EXERCISE DETAILS:
Reproduce exactly, and only, the lines below from the one containing "饮水机|开水器|郑州直饮水机|铭泽商净" through the one containing "product image of".

RECORDS FOR THE EXERCISE:
==========
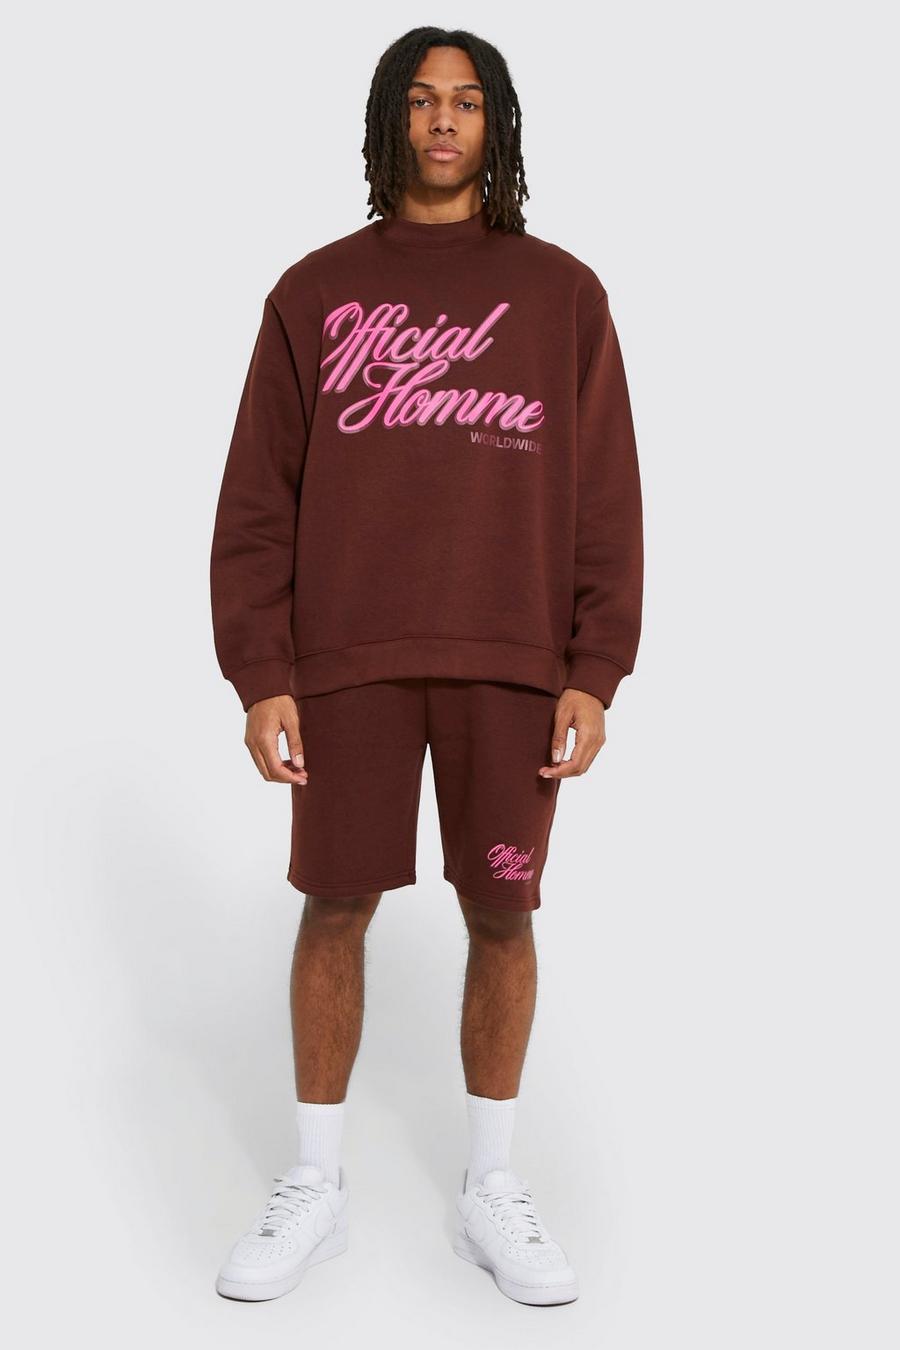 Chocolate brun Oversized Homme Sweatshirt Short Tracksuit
==========
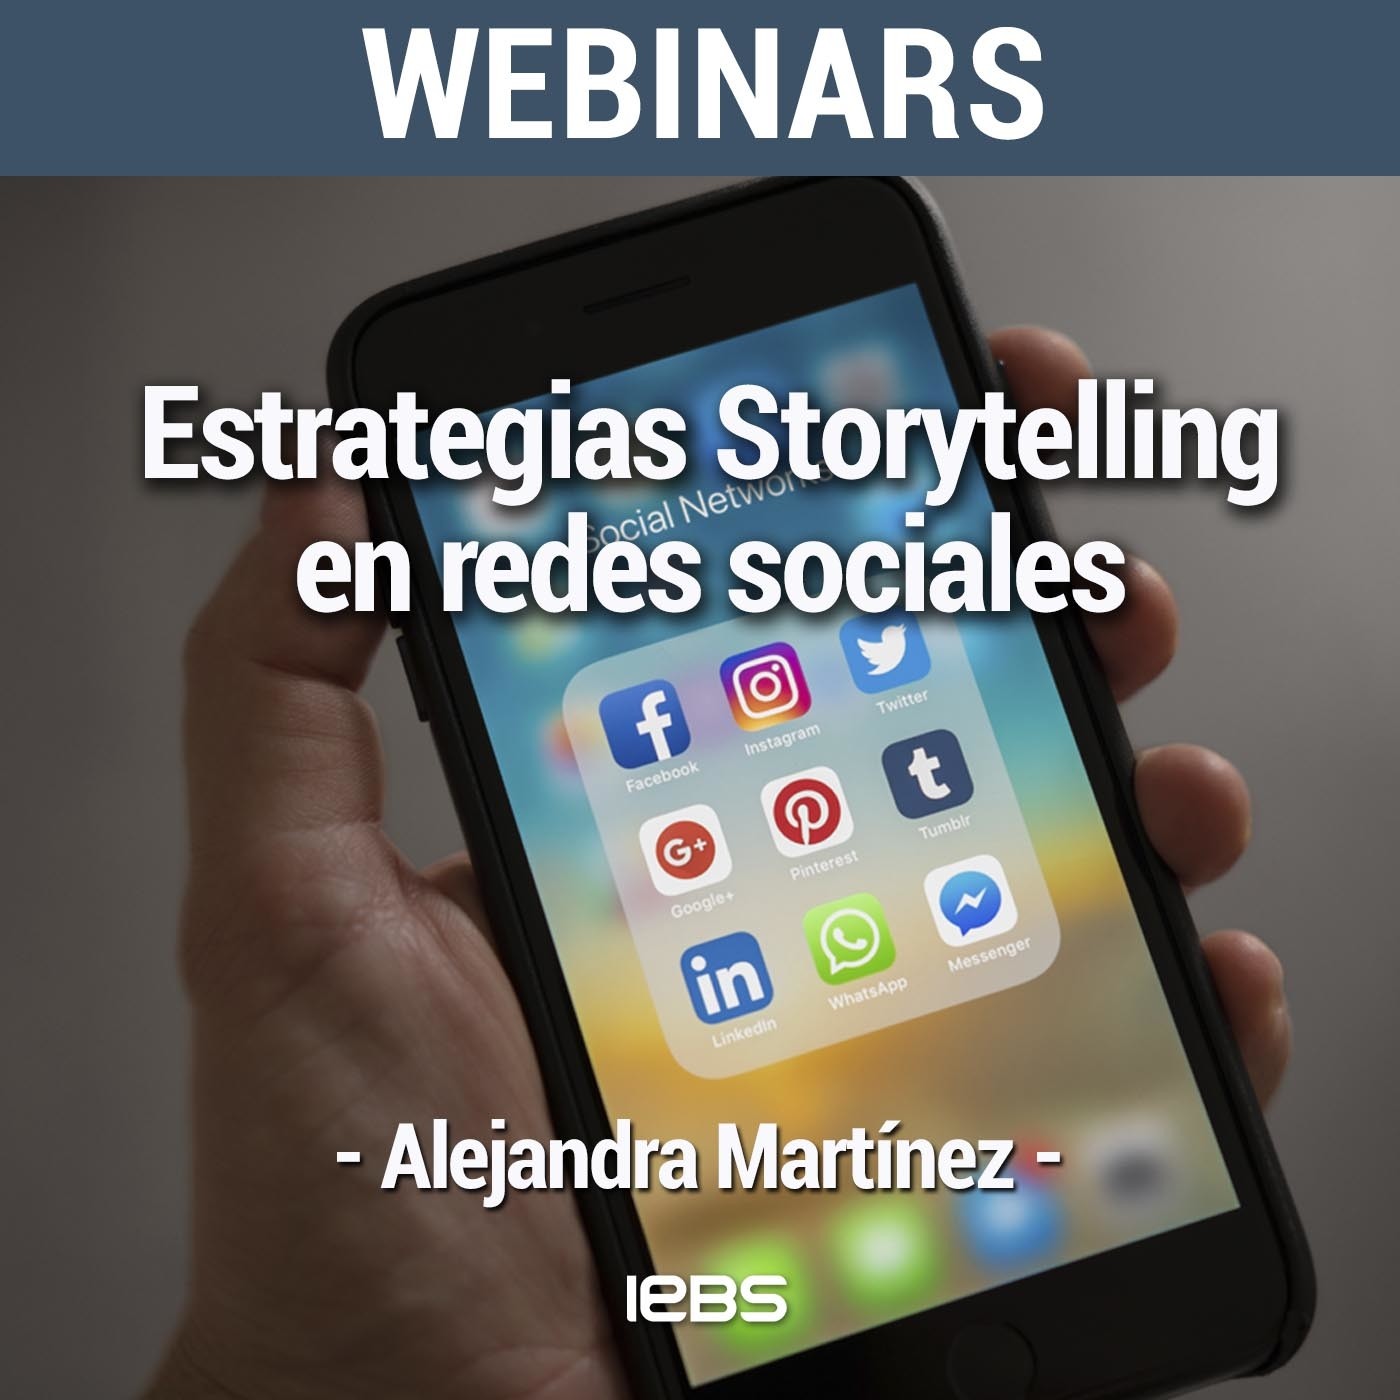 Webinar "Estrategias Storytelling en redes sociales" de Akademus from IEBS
==========
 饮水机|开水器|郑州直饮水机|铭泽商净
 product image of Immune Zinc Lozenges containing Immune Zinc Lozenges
==========
ANSWER TO THIS EXERCISE:
 饮水机|开水器|郑州直饮水机|铭泽商净
 product image of Immune Zinc Lozenges containing Immune Zinc Lozenges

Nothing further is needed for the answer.